Beklediğiniz gibi, menü mevsimlere ve mevcut ürünlere göre değişir. Bu nedenle, mevsimlik yeşil sebze ve meyve salatanız – Kouzoulos – ziyaretinize bağlı olarak daha önce bahçede hayran kaldığınız ejder meyvesi veya siyah sapote (Meksika çikolatalı puding meyvesi) içerebilir.
Odun ateşinde pişirilen yemekler organik Girit zeytinyağı ile servis edilir ve pirinç ve sebzeler Giritlilerin sadık dostlarıyla uyum sağlayan Asya ve Güney Amerika’dan gelen otlarla tatlandırılır. Girit şarapları, yeni nesil yetiştiricilerin zengin kırmızı ada topraklarında gelişen çeşitler oluşturmasıyla daha geniş Avrupa zevklerine hitap eder hale geliyor.
yeşil bir cennette-girit-diyet-mirasını-keşfetmek8
Beyazlardan Vidiano hafif ve aromatik ve yükselen bir yıldızken, geleneksel ada üzümü Romeiko yeni bir hayat buldu.
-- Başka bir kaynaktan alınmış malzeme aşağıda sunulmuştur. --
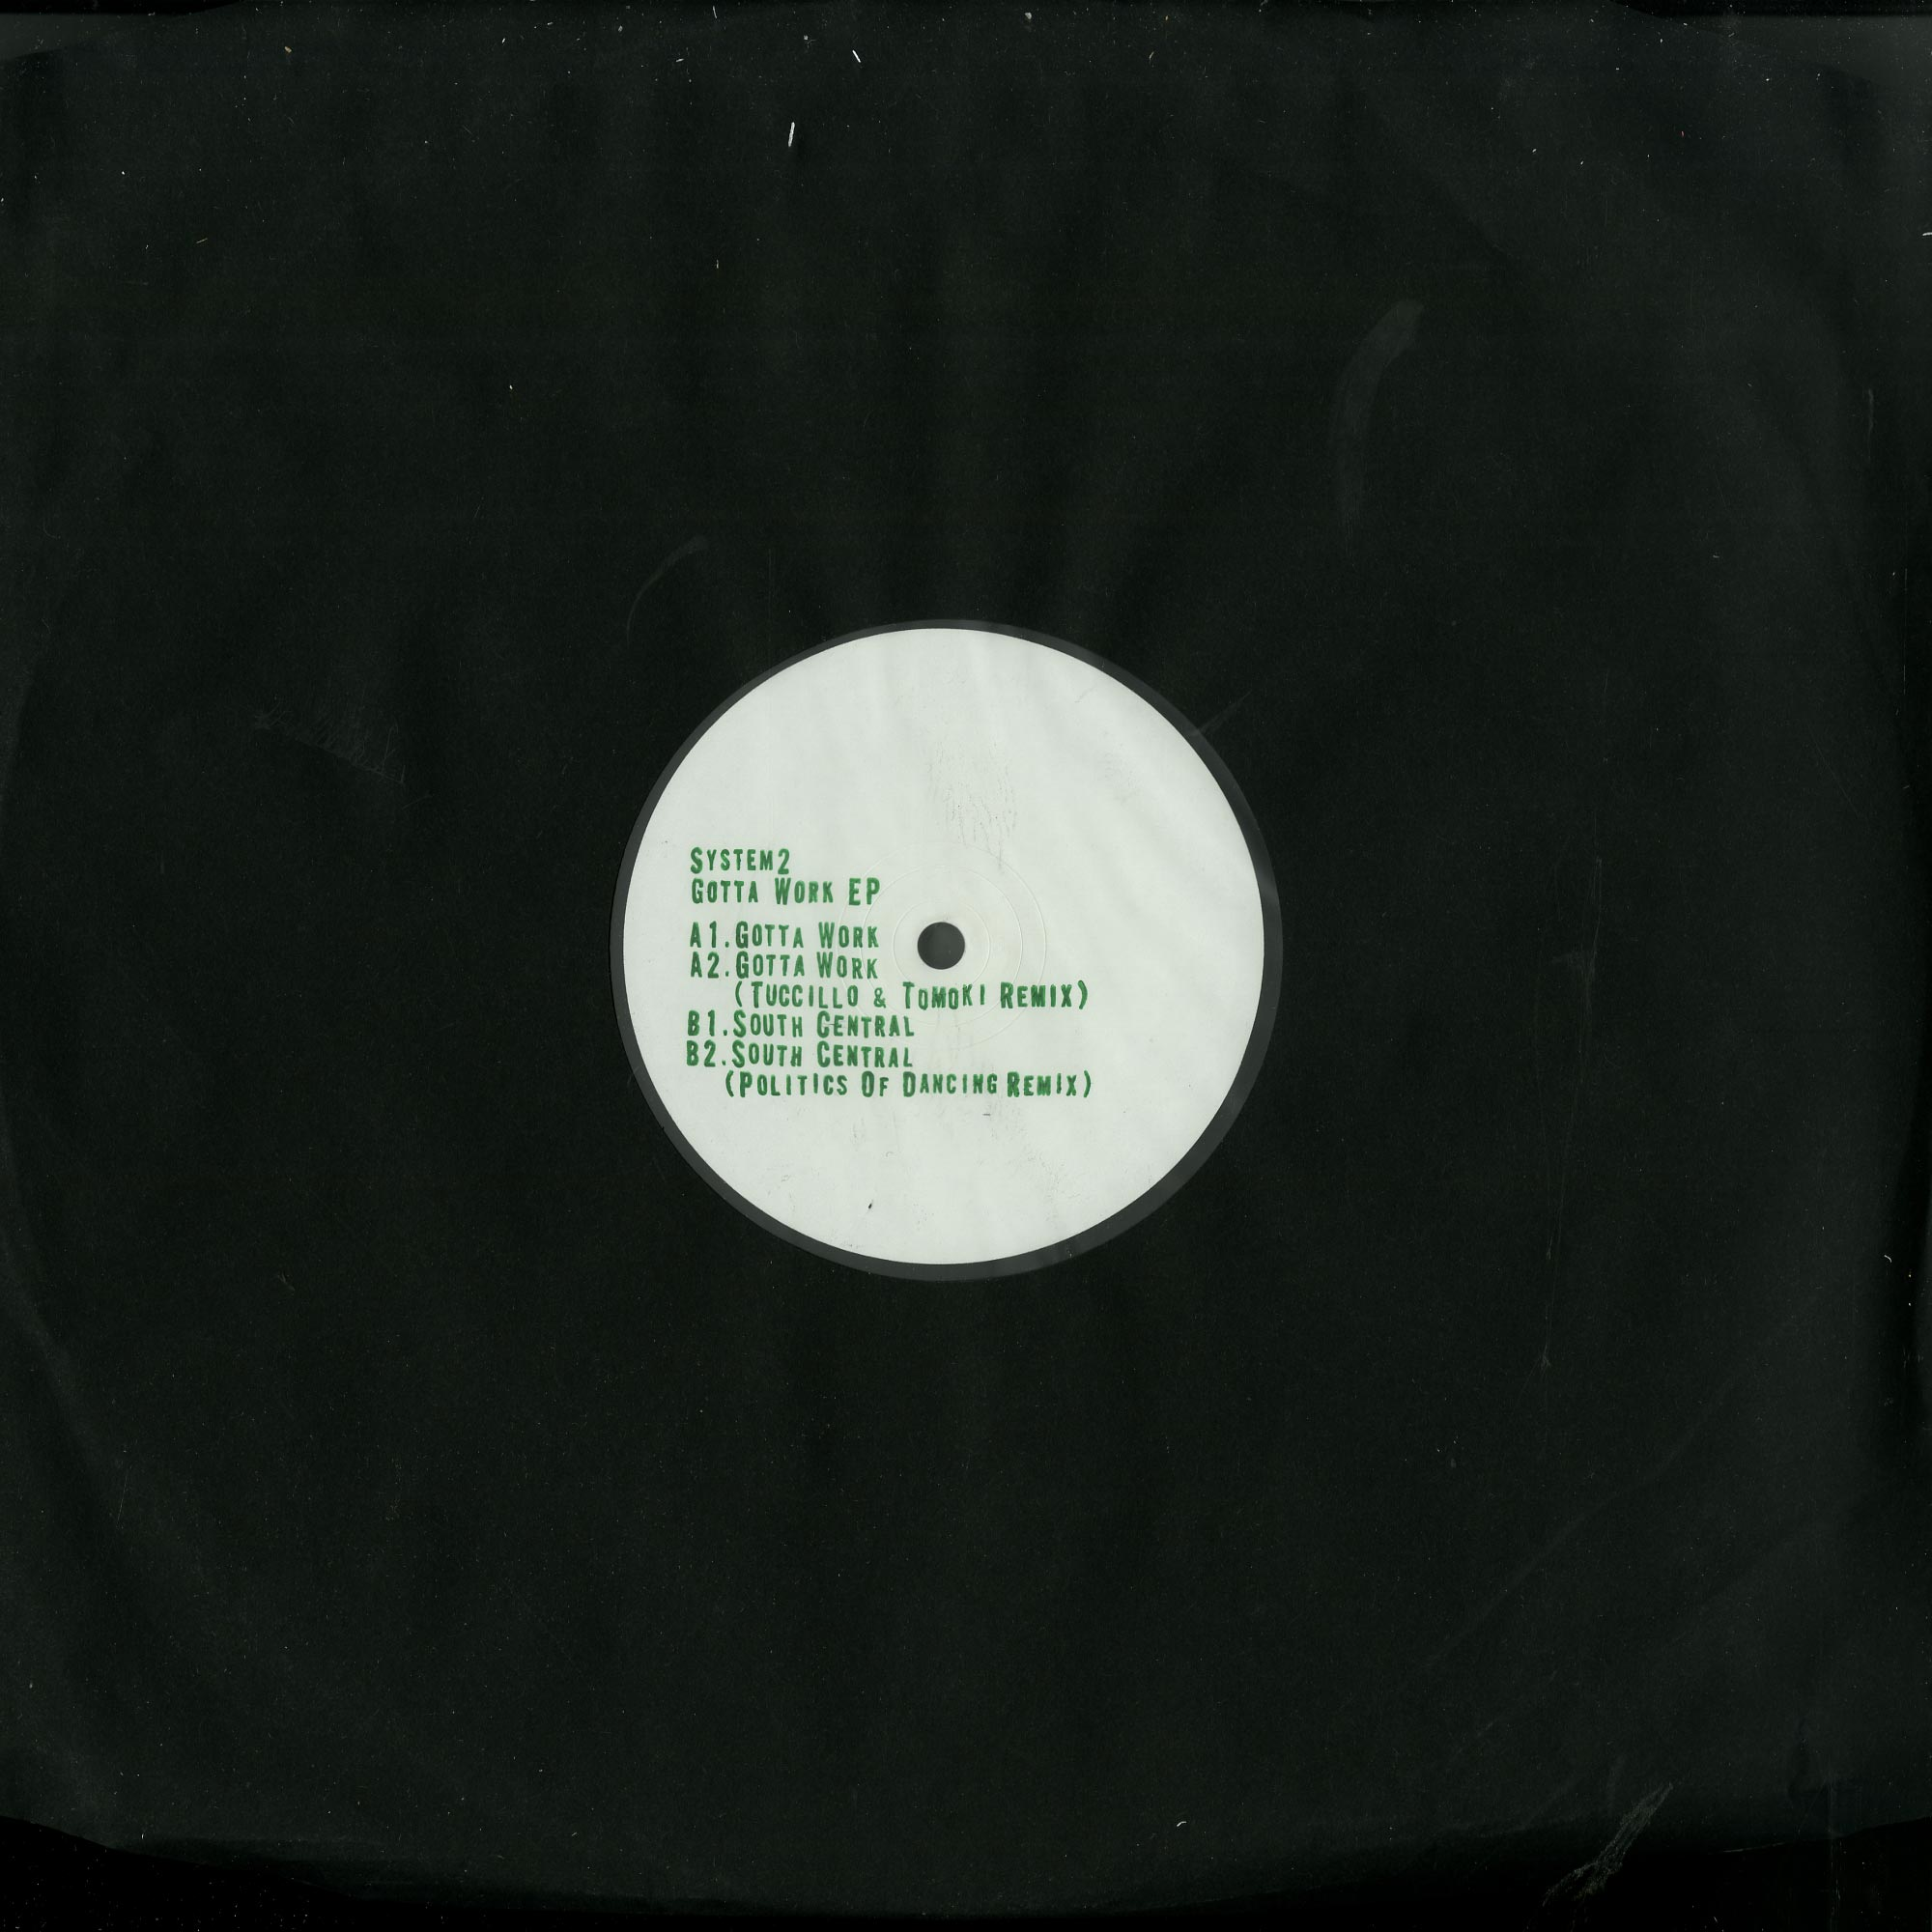 System2 - GOTTA WORK EP

Kırmızıya dönüşen ancak olgunlaşan beyaz Romeiko, eski nesiller tarafından tercih edilen daha güçlü Marouvas tarzı şarapların temelidir ancak yakın zamanda %12,5 ABV köpüklü bir çeşitte yeni bir popülerlik kazanmıştır.
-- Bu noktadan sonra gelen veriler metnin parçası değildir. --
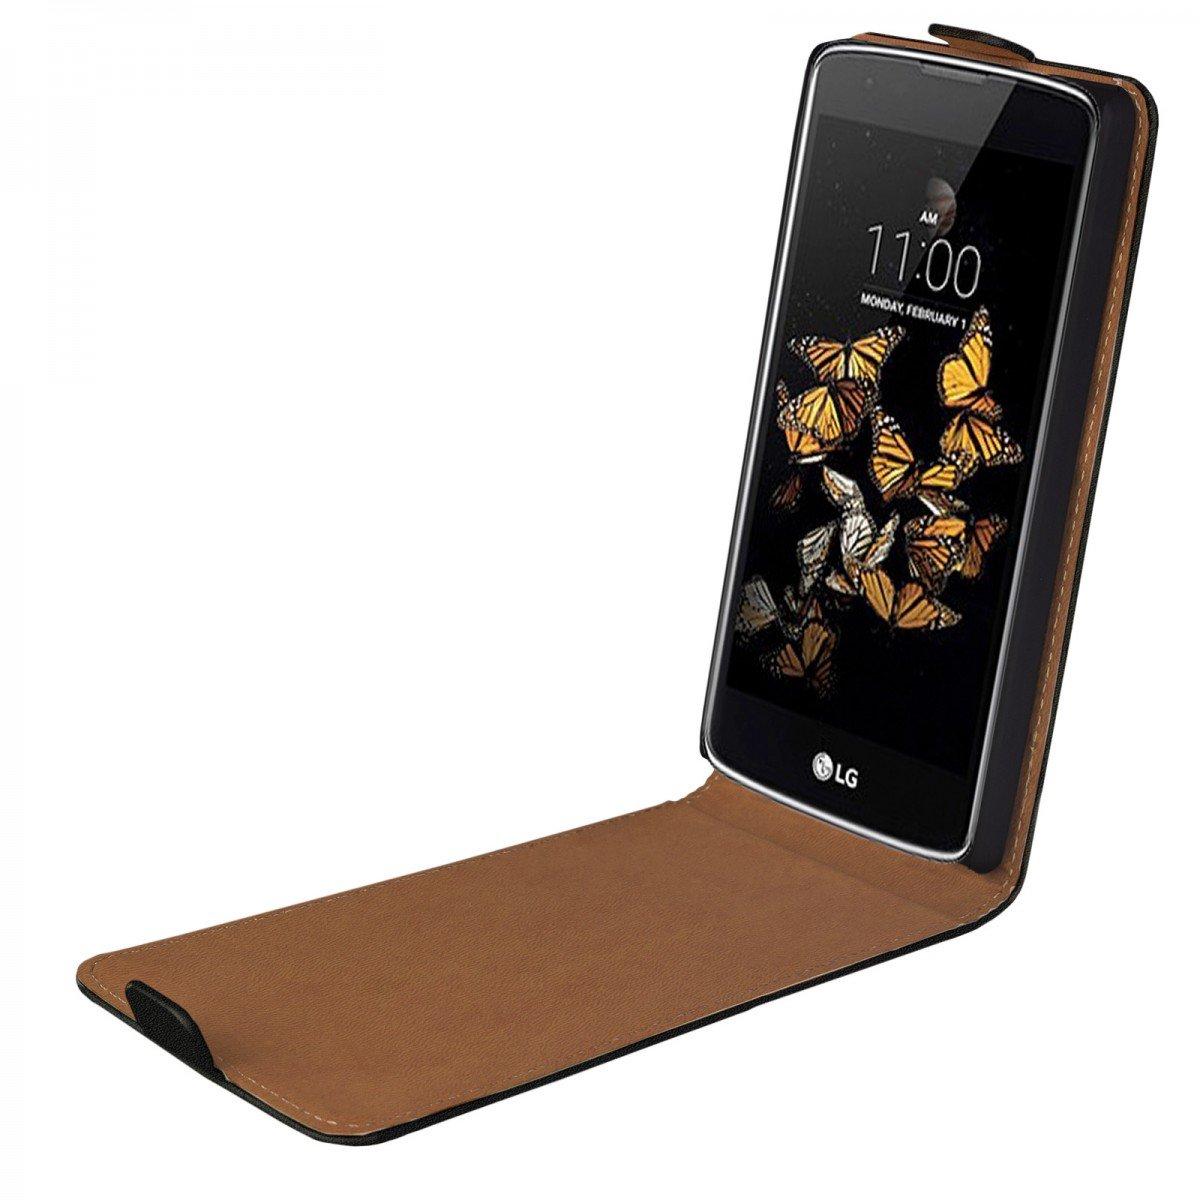 eFabrik Flip Case für LG K8 Hülle Tasche: Amazon.de: Elektronik

Bu şaraplar ve tamamen yerel ürünlerden oluşan geniş bir yelpaze, Marinakis’in bir diğer misyonunu yerine getirerek, çıkışta alabileceğiniz dükkanda da mevcuttur: yerel gıdanın kalitesini kutlamak ve ulaşım mesafesini azaltarak dairesel bir ekonomiyi desteklemek. “İklim değişikliğiyle birlikte gençler giderek daha fazla bilinçleniyor. Her şeyin birbirine bağlı olduğu gerçeğini anlıyorlar. Yiyeceklerinin nereden geldiğini ve kimin yetiştirdiğini bilmek istiyorlar. Burada iki şey yapmalıyız – geleneksel yemekleri ve pişirme yöntemlerini, hiçbir taviz vermeden korumamız ve aynı zamanda elimizdekilerle yeni yemekler, yeni malzeme, tat ve lezzet kombinasyonları yaratmamız gerekiyor. İnsanları yiyecekleri konusunda meraklandırabilirsek, yiyeceklerin nereden geldiği konusunda da meraklanırlar ve bu, modern Girit Diyetinin özüdür.”